Task requirements: Go through the listing that follows and write it out exactly. Drop the pictures.

Data for the task:
________

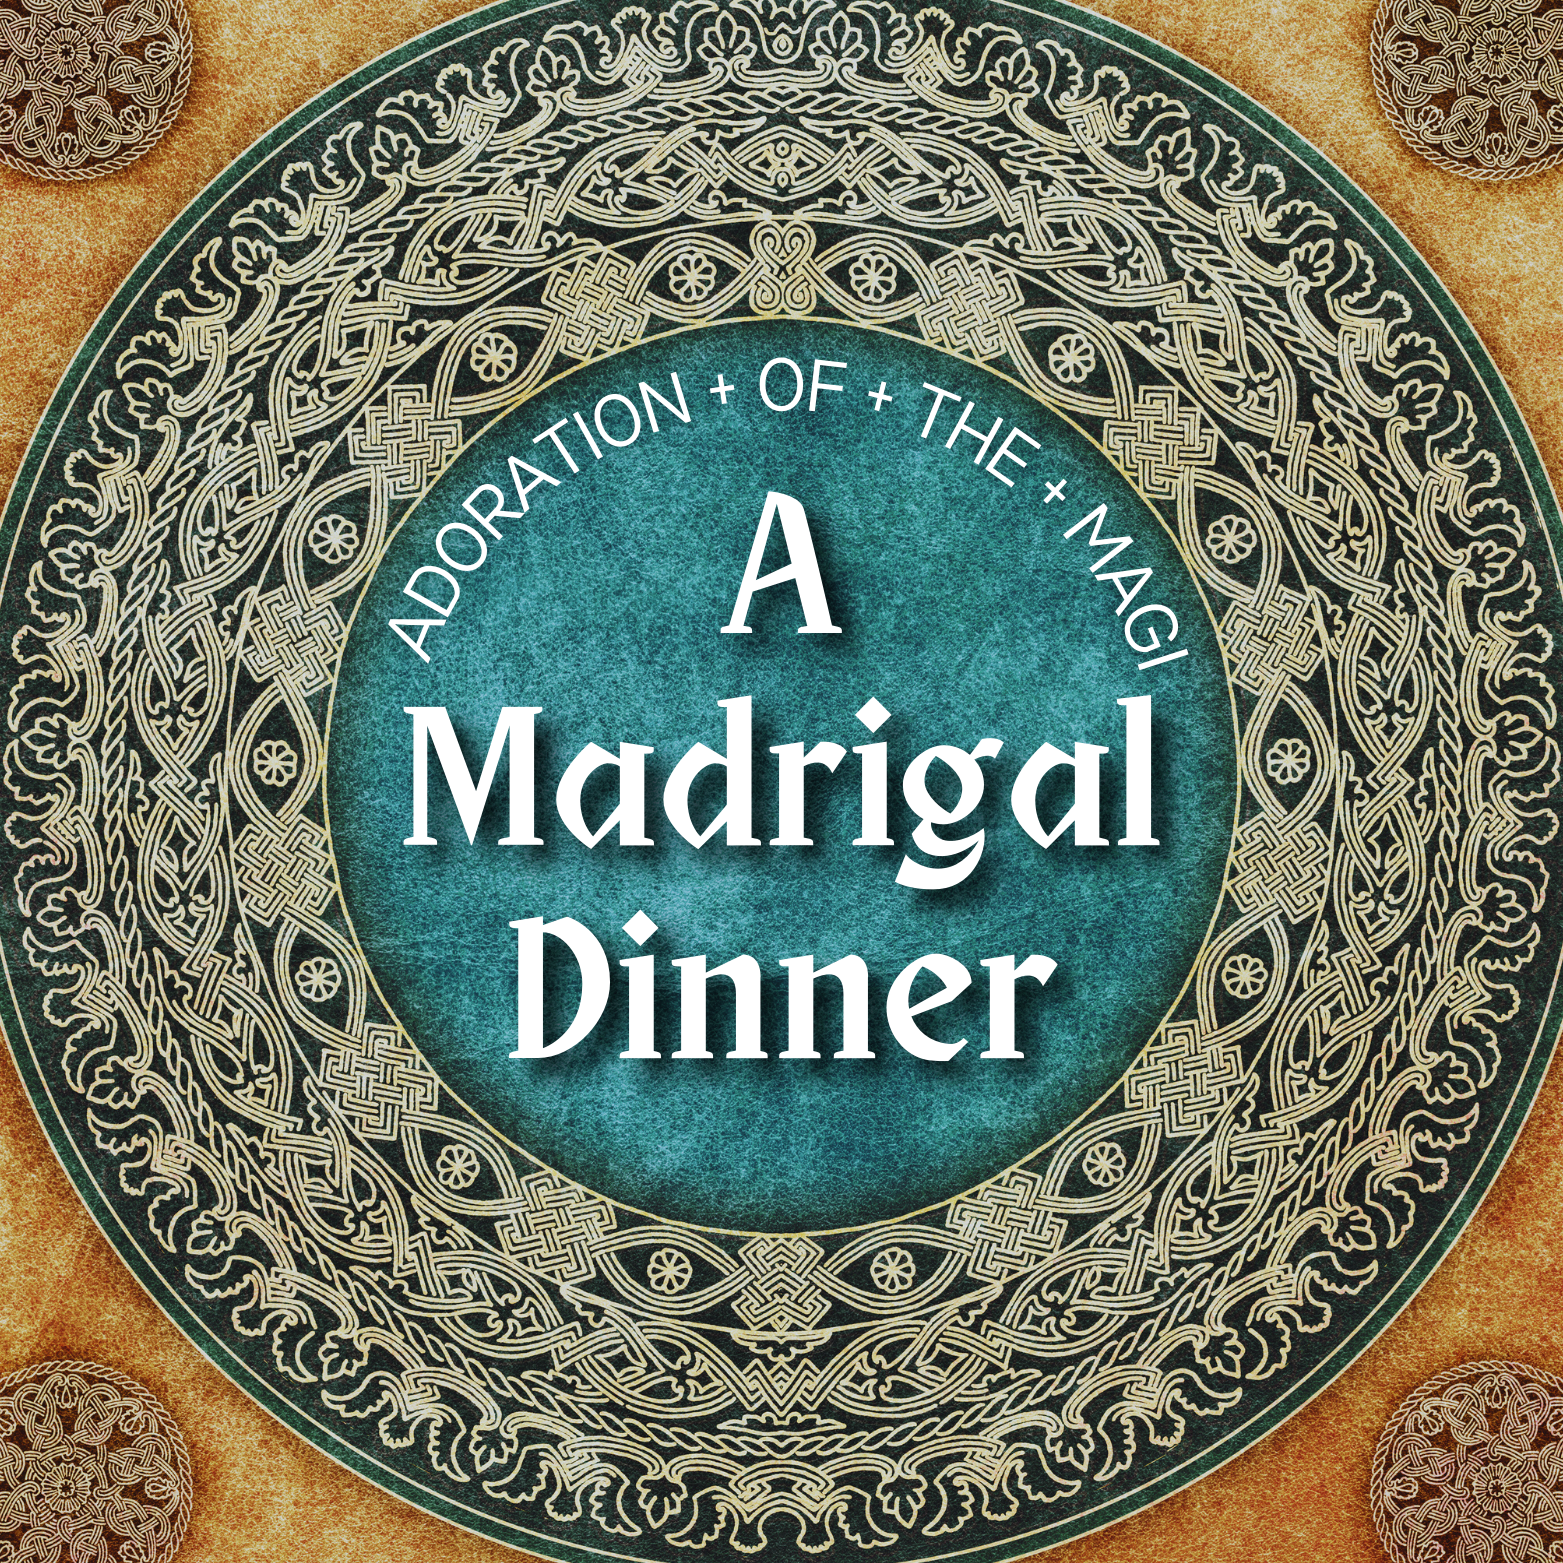 Adoration of the Magi A Madrigal Dinner
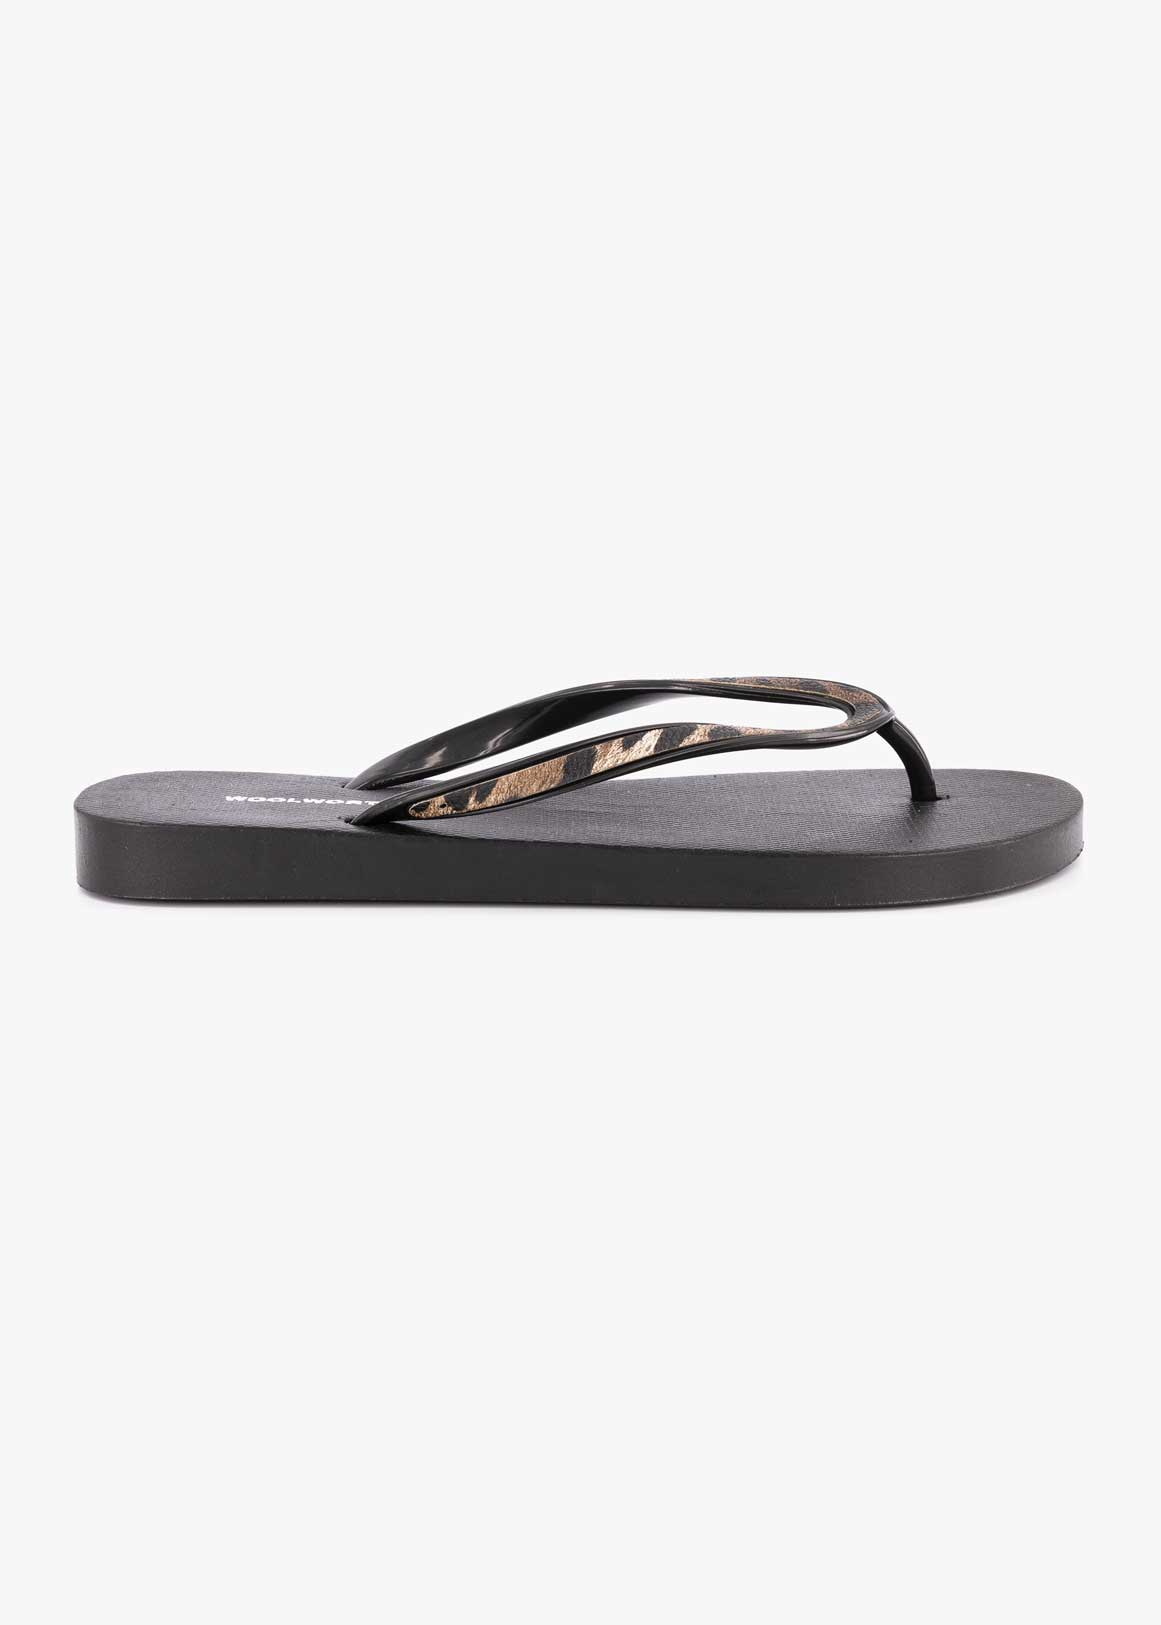 SS21 FLIP FLOP PRINT - Woolworths Mauritius Online
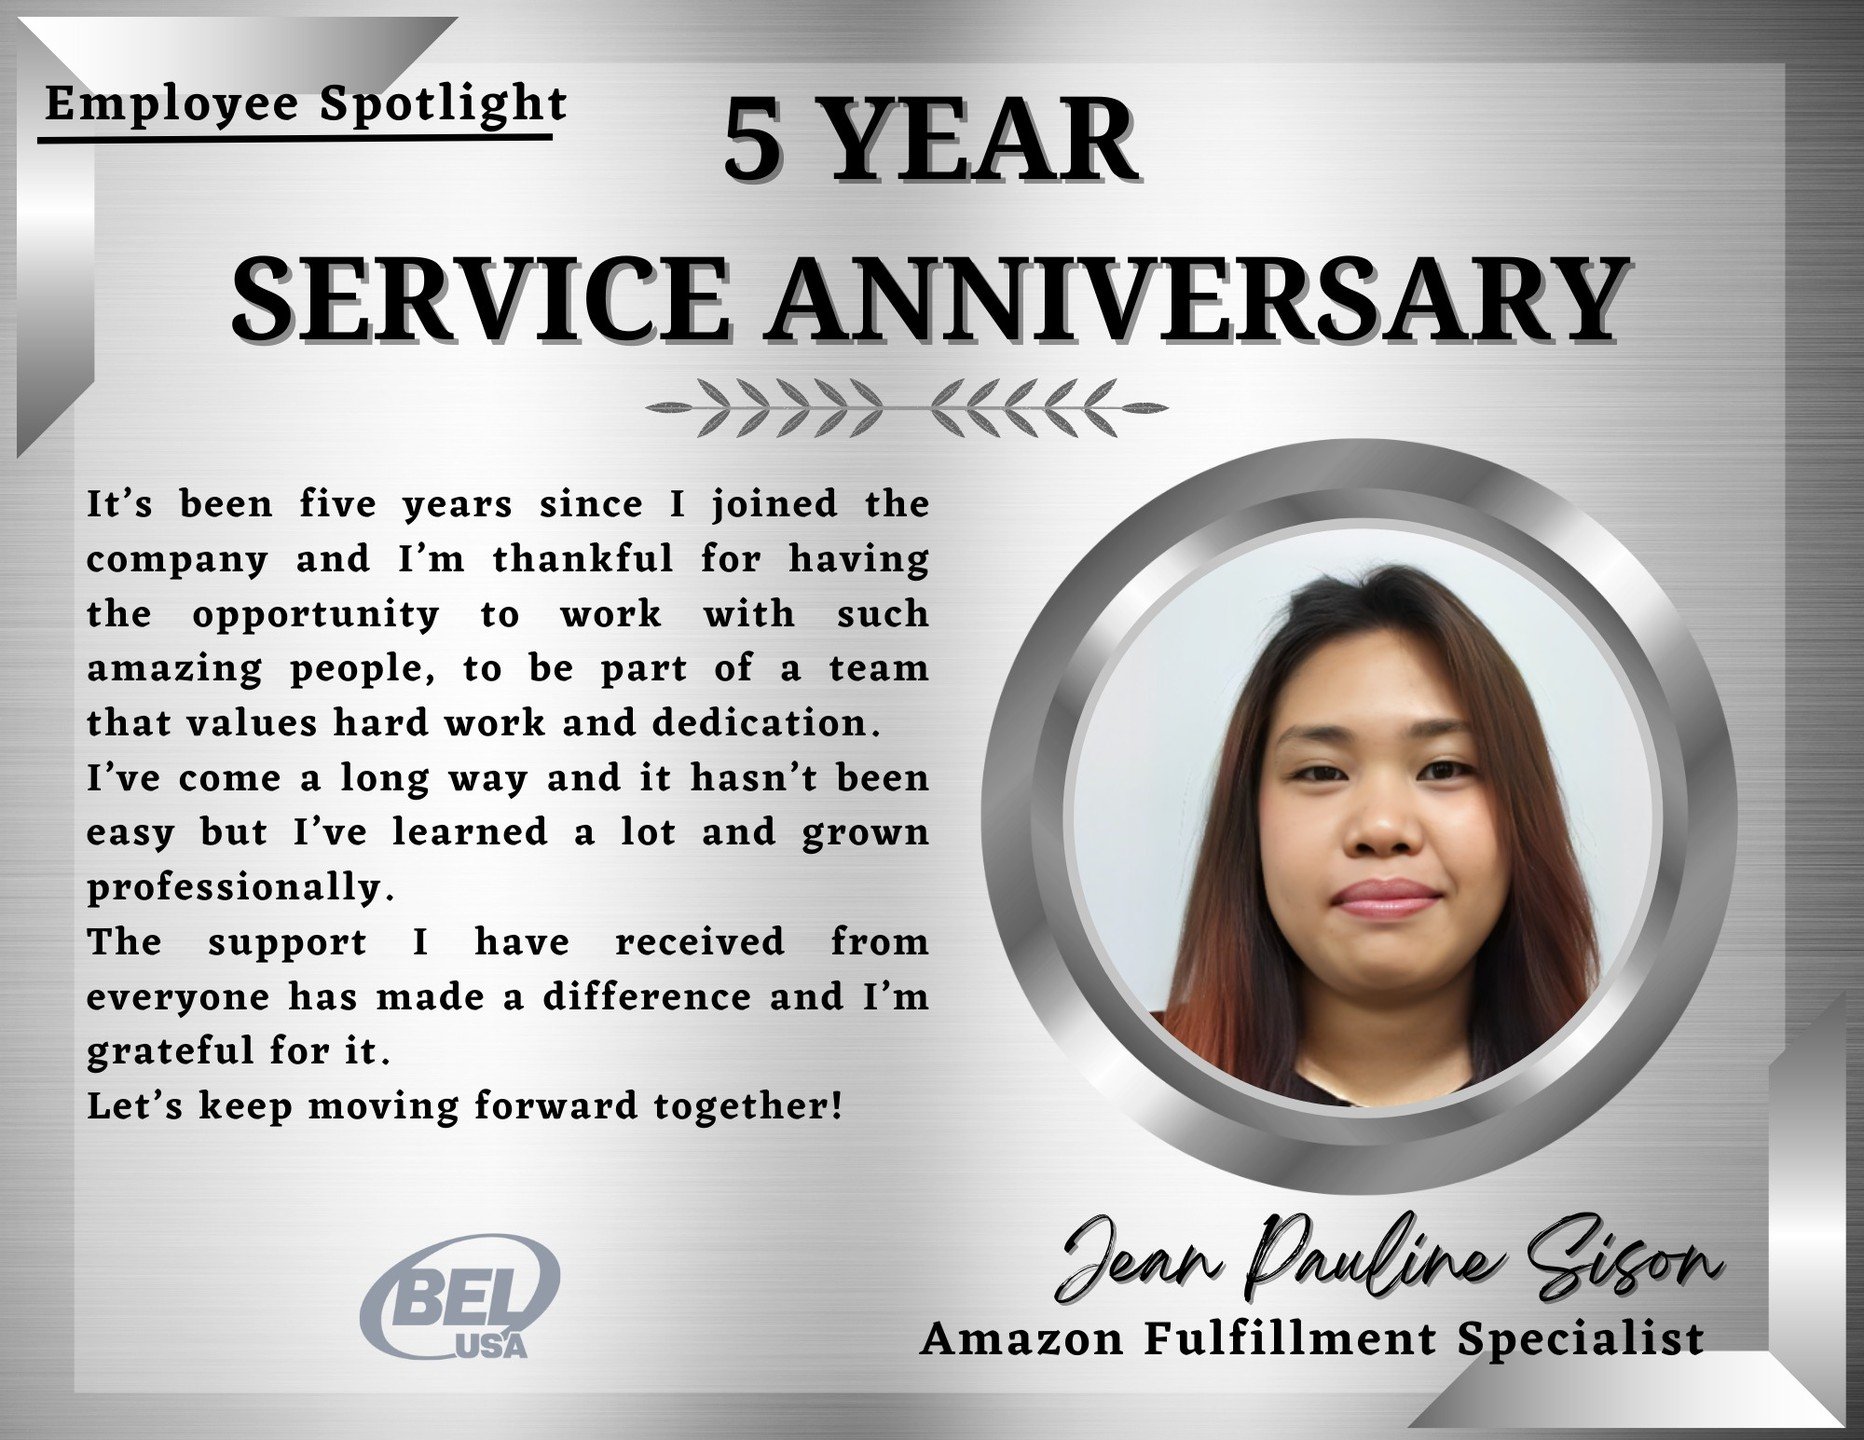 Celebrating 5 Fantastic Years with Jean Pauline Sison! 🎉

Let's give a big shoutout to Jean Pauline Sison, our dedicated Amazon Fulfillment Specialist, on her 5th work anniversary with us! 

Jean's commitment to excellence and her exceptional attent

________

Exercise answer:
 Adoration of the Magi A Madrigal Dinner
 SS21 FLIP FLOP PRINT - Woolworths Mauritius Online
 Celebrating 5 Fantastic Years with Jean Pauline Sison! 🎉

Let's give a big shoutout to Jean Pauline Sison, our dedicated Amazon Fulfillment Specialist, on her 5th work anniversary with us! 

Jean's commitment to excellence and her exceptional attent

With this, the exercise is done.